BY RON POULSEN
SYDNEY, Australia - "We are not Indonesians, we are not Portuguese, the only way we can be accepted as a people, as a nation, is in an independent East Timor." With these words, Harold Moucho, a representative of the Revolutionary Front for the Independence of East Timor (FRETILIN), underlined the reality of the decades-long struggle of the East Timorese people against foreign oppression. He was addressing a 600-strong rally here November 12. Similar actions were held in other main cities around Australia marking the fourth anniversary of the Dili massacre.
The November 13 Sydney Morning Herald reported that "Indonesian police [were] systematically arresting and beating up young Timorese men in the run-up to the anniversary" in an attempt to forestall protests.
In Dili, the East Timorese capital, a wave of house-to- house beatings by police riot squads resulted in the "arrests of an estimated 150 to 400 young Timorese." In Jakarta, the capital of Indonesia, about 20 students held a candlelight ceremony to commemorate the massacre. Security forces reportedly arrested four people after confiscating a banner and a FRETILIN flag.
Chanting "No blood for oil!" and "Indonesia out of East Timor!" the march wound through the main streets of Sydney. It marked the massacre of over 200 people in Dili when Indonesian troops opened fire on a funeral procession for Sebastiao Rangel at the Santa Cruz cemetery Nov. 11, 1991. Many of the survivors were then "disappeared" and murdered in cold blood.

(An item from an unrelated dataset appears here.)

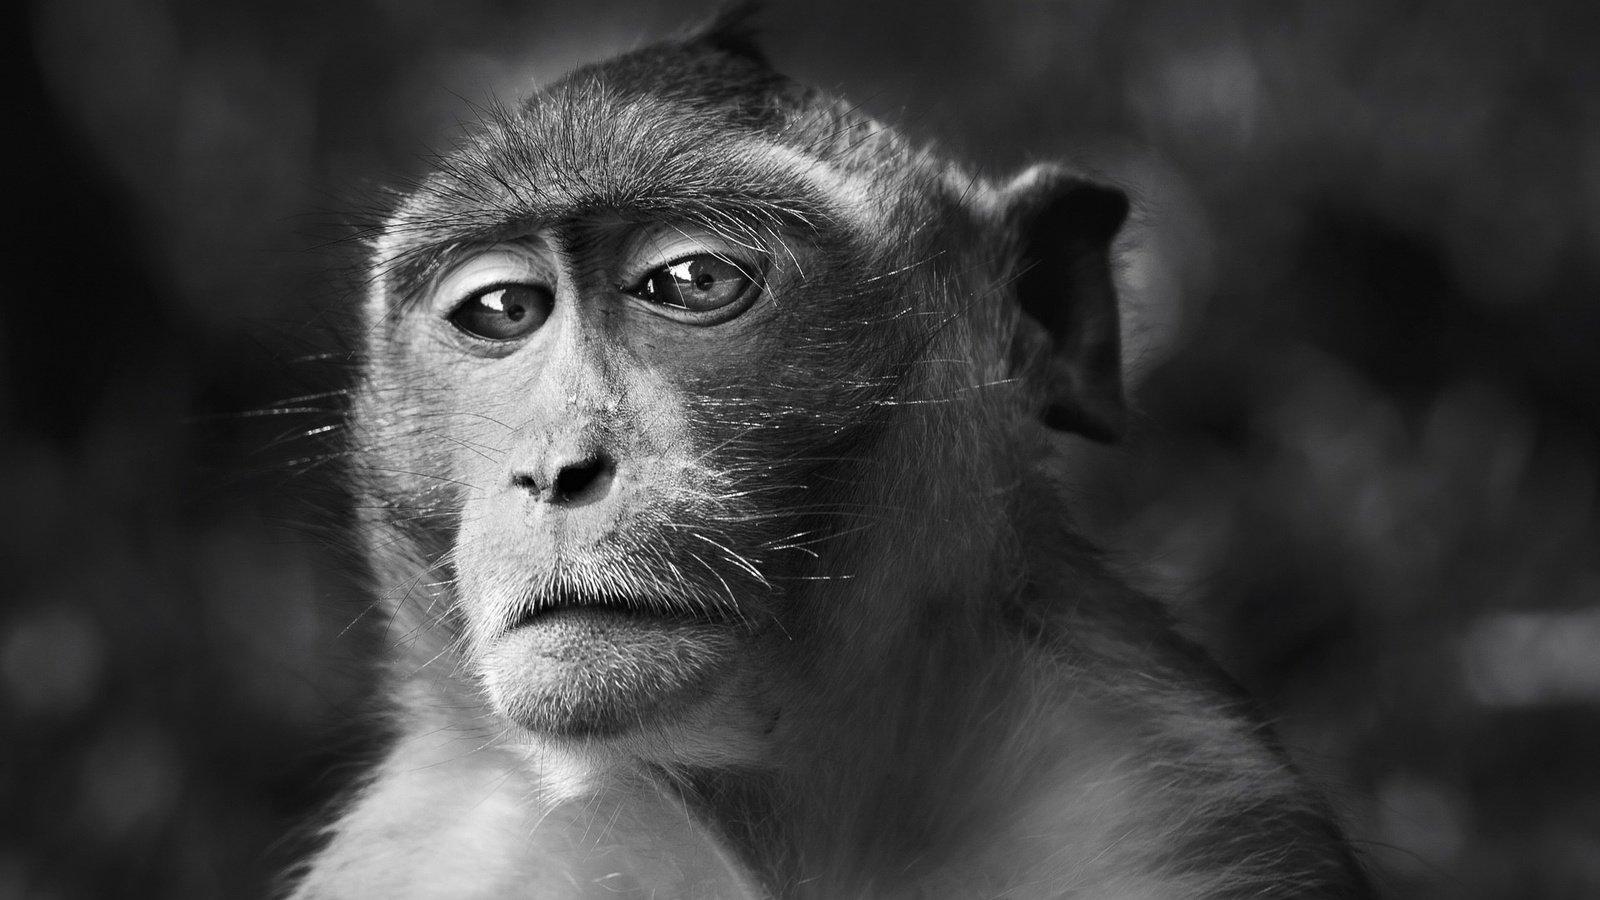 красивые фотографии черно белые для рабочего стола цап

Rangel had been killed by Indonesian soldiers as he sought refuge in a church in Dili.
The November 12 march in Sydney was preceded by a mass in St. Mary's Catholic Cathedral where Bishop Cremin announced that he was adding his name to the list of Catholic organizations offering sanctuary to East Timorese refugees should they be threatened with deportation by the Australian government. It culminated in a rally at the steps of the Sydney Town Hall where traditional Timorese dancers performed.
"The Indonesian regime has admitted to 50 victims of the Dili massacre," said Milena Pires of the Timorese Democratic Union (UDT). "But as the Mothers of Santa Cruz [the organization of relatives of the disappeared] are demanding, where are those bodies?" She pledged that the East Timorese people would not rest until the last Indonesian troops have left East Timor and all the political prisoners, including Xanana Gusmao, the imprisoned leader of FRETILIN, are freed.
Twenty-year occupation
Moucho, of FRETILIN, pointed out that the Indonesian
invasion of East Timor and its military occupation in the
20 years since has resulted in "the extermination of one-
third of the Timorese population." This occupation has been
carried out with the "complicity of Australian
governments."
The current Labor government, he said, is "continuing to train and supply Indonesia's elite troops" engaged in repression in East Timor. "Australia is the only country to give de jure recognition of the Indonesian annexation of East Timor" in order to share with the Indonesian regime in exploiting "the massive oil and gas reserves in the Timor sea," he said.
At the same time, as Moucho said, newly arrived refugees from East Timor face "the trauma of possible deportation to either Indonesia or Portugal [the former colonial power in East Timor]" as Canberra tries to deny them asylum.
Jenny Munro, chairperson of the Aboriginal Metropolitan Land Council of Sydney, declared that the 1,300 East Timorese refugees are welcome in Australia. "Aboriginal people understand the oppression and genocide that your people face, because that is what has been perpetrated against us for over 200 years!" she said. "We too have lost our children defending our land."
One of the Timorese refugees, Nelson Lemos, answered Canberra's attempts to deny them asylum on the basis of supposed Portuguese nationality. "We are not Indonesians or Portuguese. We are proud to call ourselves East Timorese!"
Max Lane of Aksi-Indonesian Solidarity Action and Gil Scrine of the Australia-East Timor Association also spoke.
The action was somewhat larger than previous years, with a large number of Timorese immigrants and young people. One young woman, Christine Barton, who marched with a placard reading "Free East Timor and West Papua!" said that this was her first protest. Having found out about Indonesian repression after visiting West Papua as a tourist, she said, "I want to get more involved in helping make others aware." There have been recent revelations of Indonesian brutality to West Papuans around the U.S.-owned Freeport mine in what Jakarta calls Irian Jaya.
Hundreds of people also took part in actions across Australia December 7 to mark the 20th anniversary of the Indonesian invasion of East Timor on that date in 1975.
Ron Poulsen is a member of the Australian Manufacturing Workers Union and works at Streets Ice Cream in Sydney.